Re: sprintf and sprintf_s
Alex Blekhman wrote:
"Ben Voigt [C++ MVP]" wrote:
sprintf(&u[8], "%u", 0x87654321)
BTW, 8 characters are not enough to print 0x12345678 in
decimal. The string will be: "305419896", i.e. 9 characters +
terminating nul.
What does this "8 characters are not enough" have to do with any
of the questions or posted code?
Obviously it has to do with the previous post about 64-bit
integers. The OP wants to print 64-bit number into a string
buffer. He does it in two steps: prints first half of a number,
then prints second half of a number. Like this:
union utype
{
unsigned long long ull;
unsigned long ul[2];
};
utype ut;
ut.ull = 0x1234567887654321;
char u[100];
sprintf(u, "%u", ut.ul[1]);
sprintf(&u[8], "%u", ut.ul[0]);
The expectation is that the `u' buffer will contain the string:
"1234567887654321". I think now you can see the bug.
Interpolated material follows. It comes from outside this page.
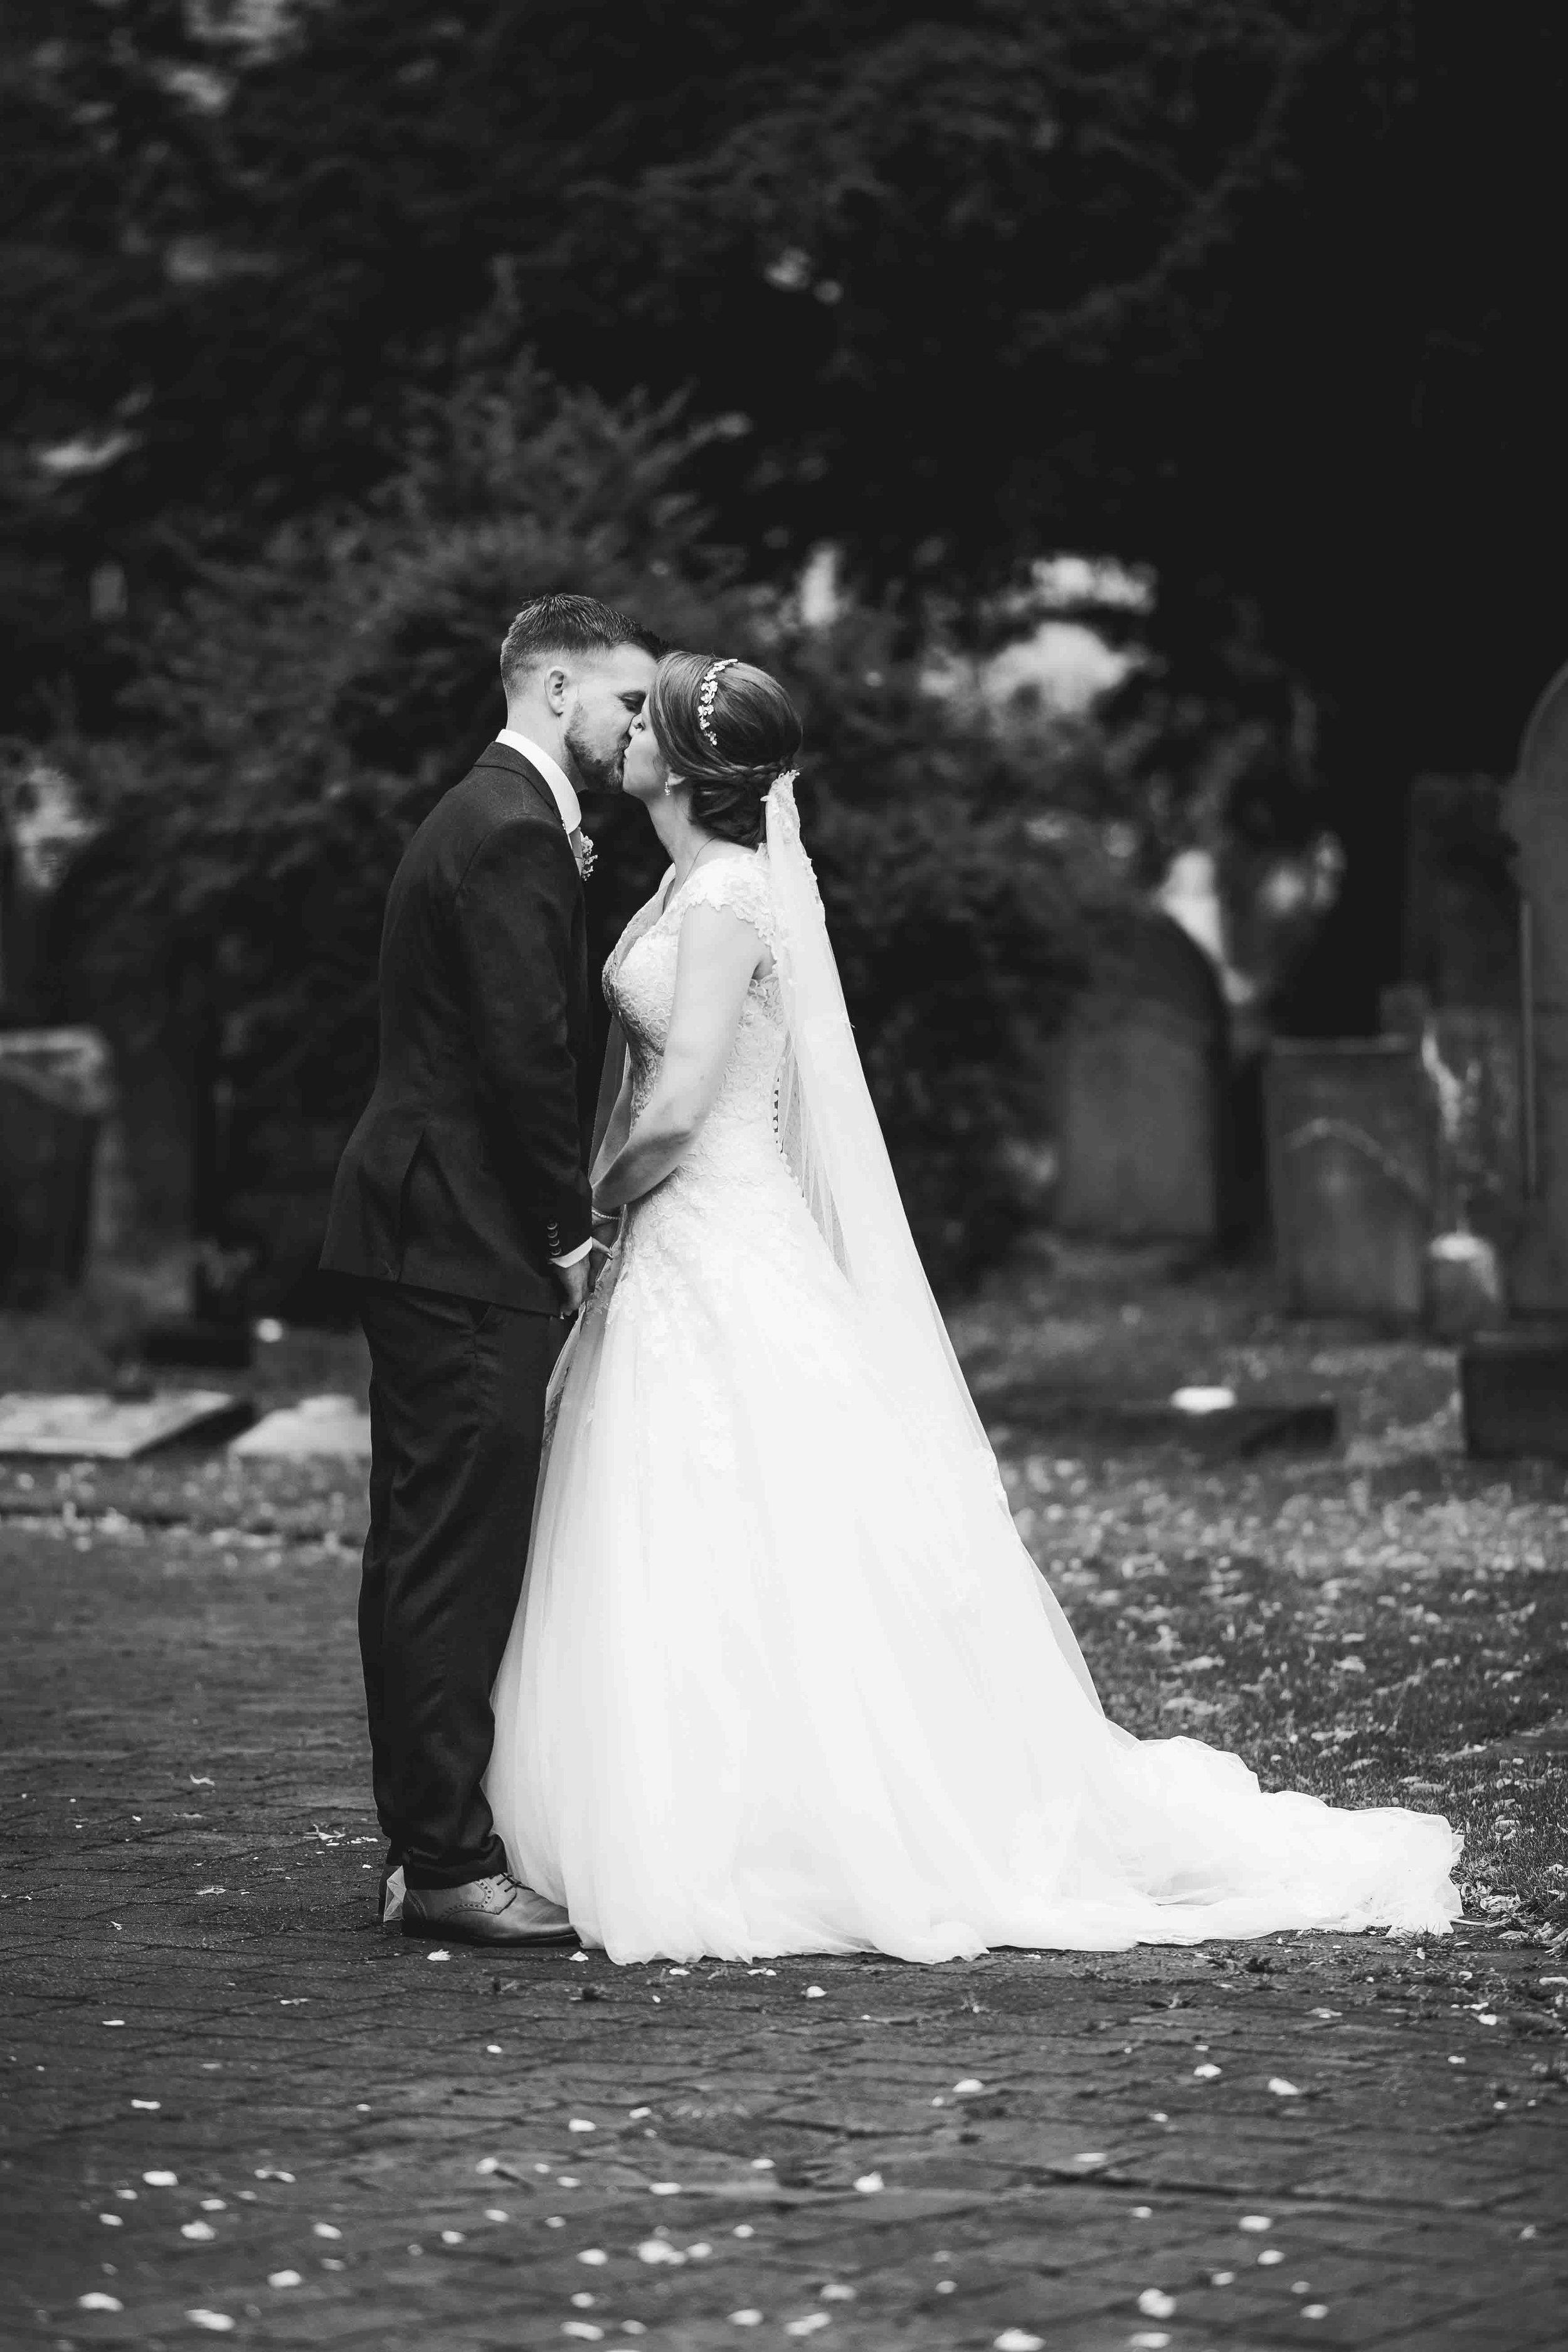 Lea-cooper-photography-willenhall-wolverhampton-wedding-photographer-birmingham-shirley-west-midlands-ceremony-church-12.JPG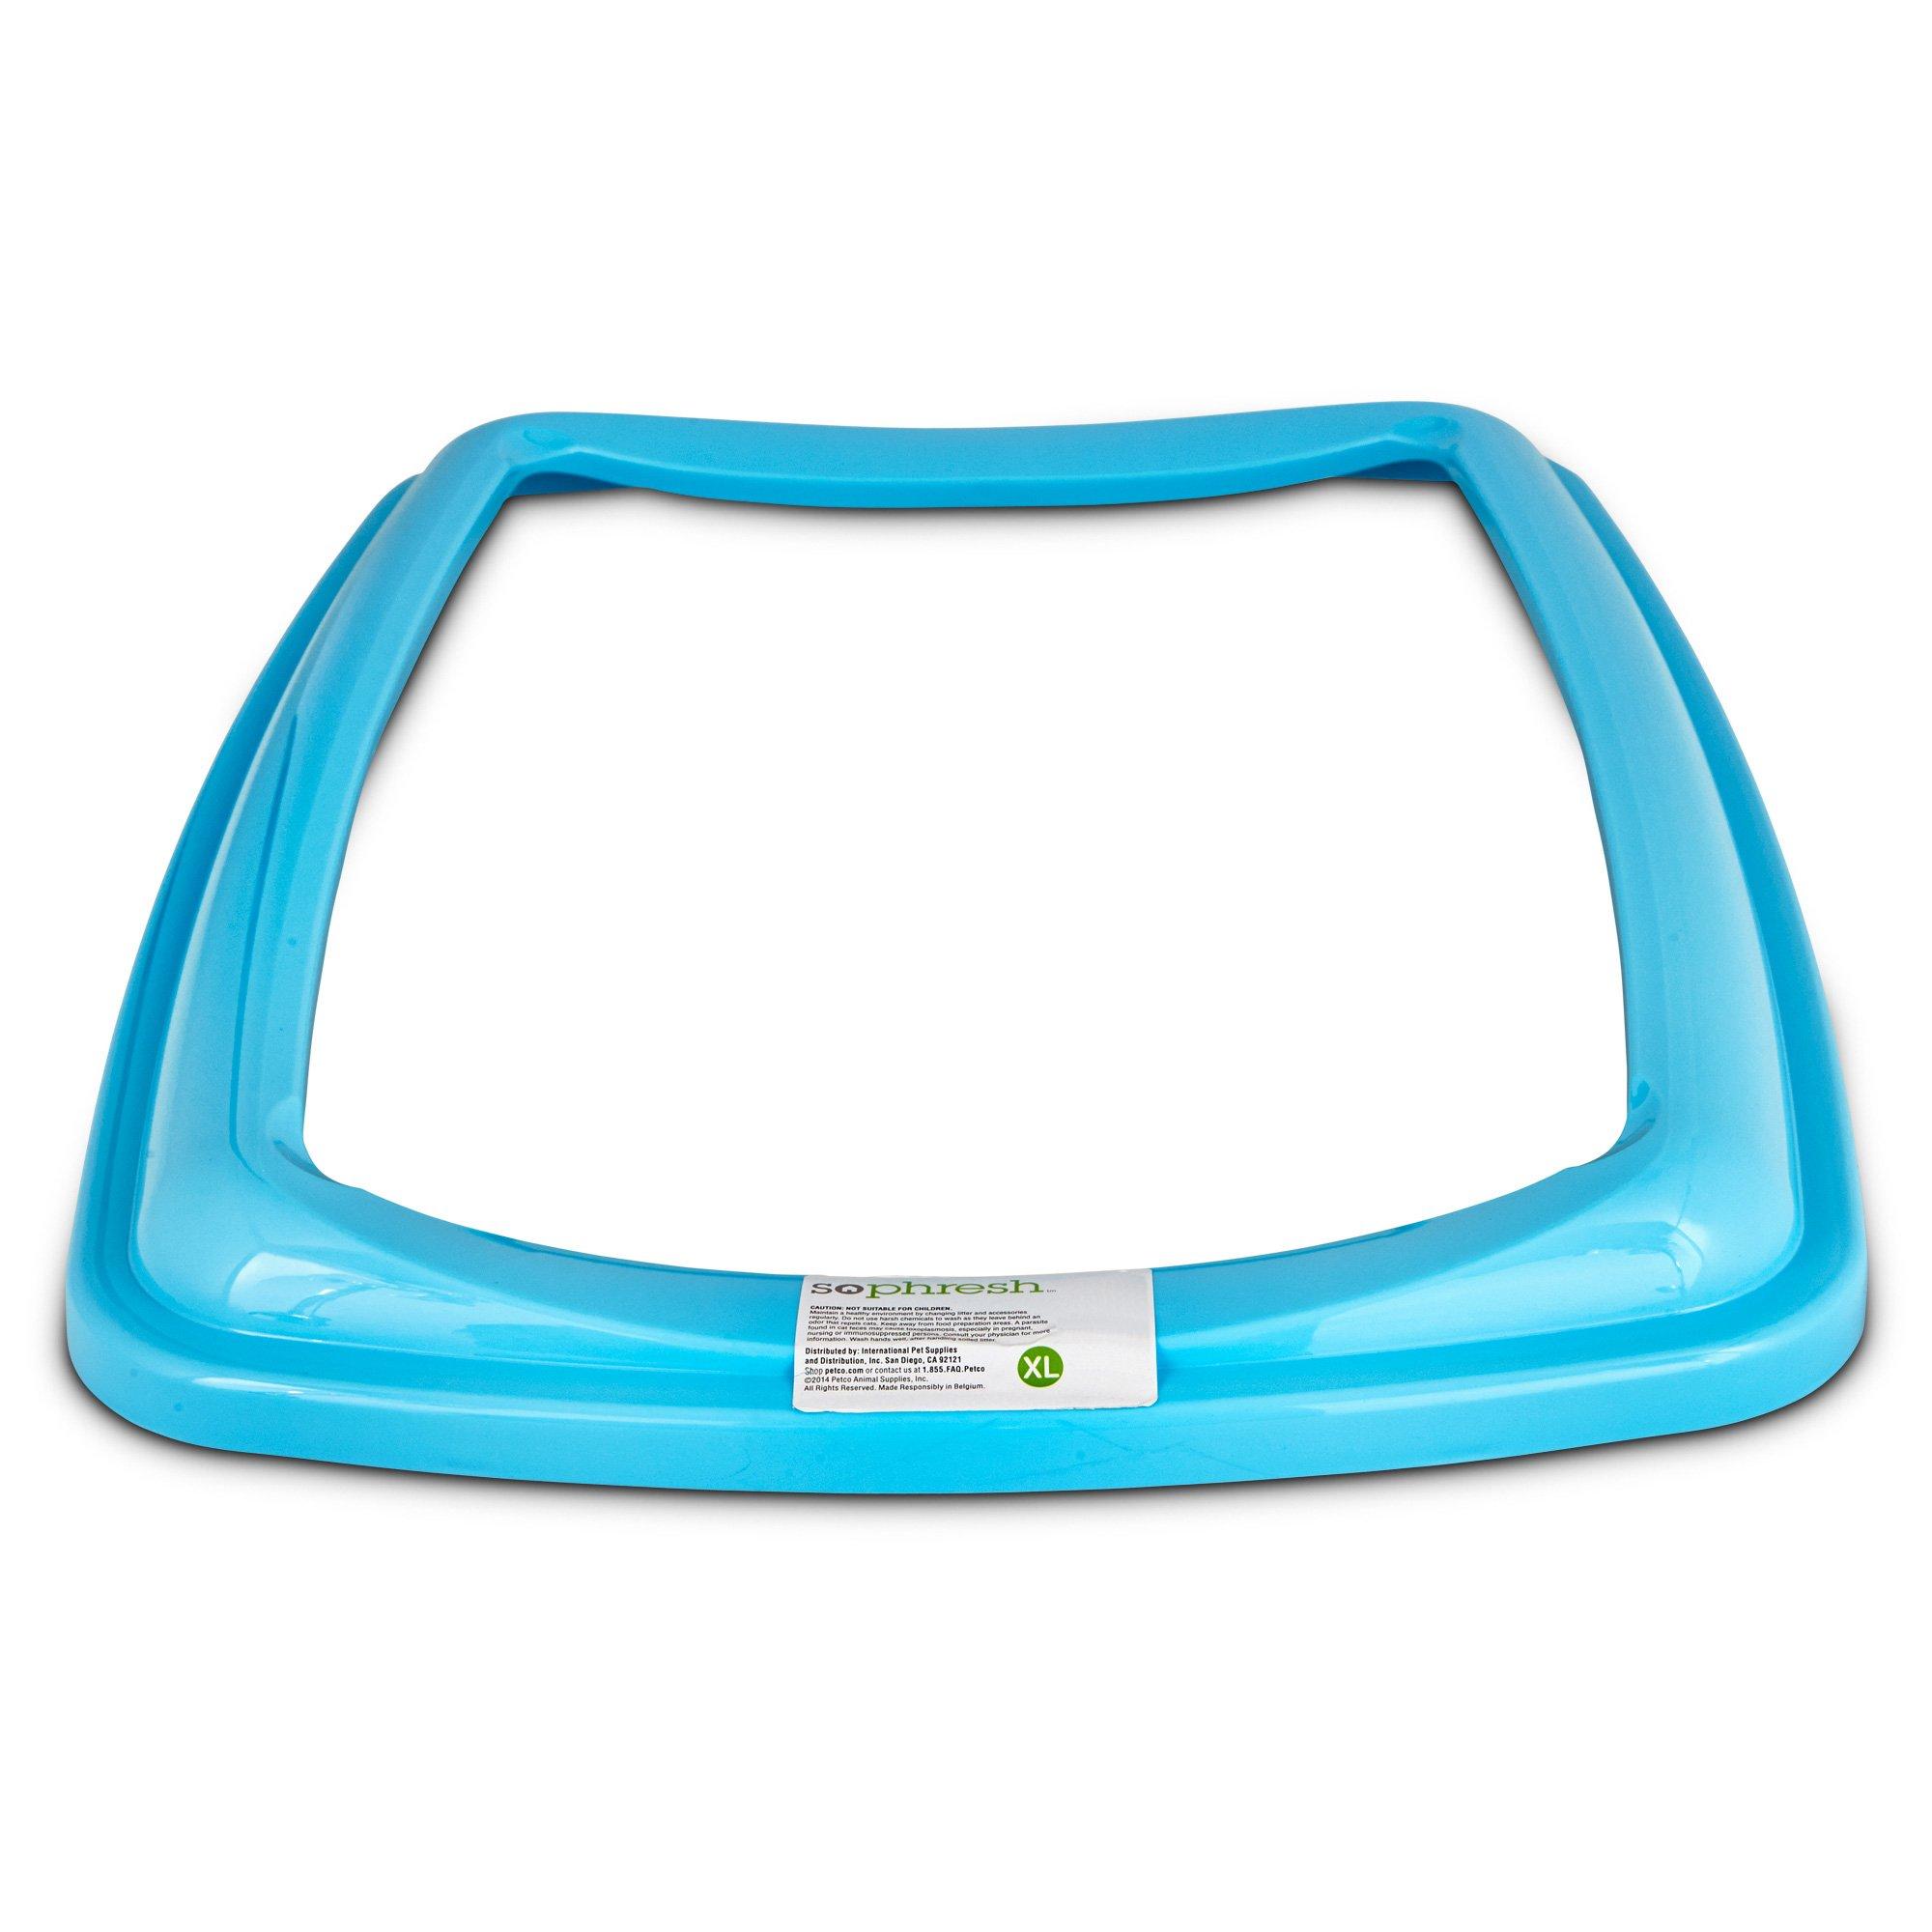 So Phresh Aqua Blue X-Large Open Litter Box Rim

He prints it
in decimal, so first half of a 64-bit number will take more than 8
characters: "305419896". When second half of a number is printed
starting from 7th position, then the last character in the string
is overwritten.
That's all.
Ok, that makes more sense. I can't find that other post at the moment, but
I did see it, I just didn't make the connection that it was the same poster
and that there were two numbers being concatenated (of course string
concatenation of numbers which are expressed in decimal and 2^32 apart in
place value doesn't make any sense either, people recommended to him to use
%X).
In any case, this can be solved safely by:
template <size_t N>
size_t sprintf_offset( char (&output)[N], size_t offset, const char* format,
.... )
{
if (offset > N)
return 0;
va_arg junk...
return vsprintf_s(&output[offset], N - offset, format, args);
}
and then
sprintf(u, "%x", ut.ul[1]);
sprintf_offset(u, 8, "%x", ut.ul[0]);
Alex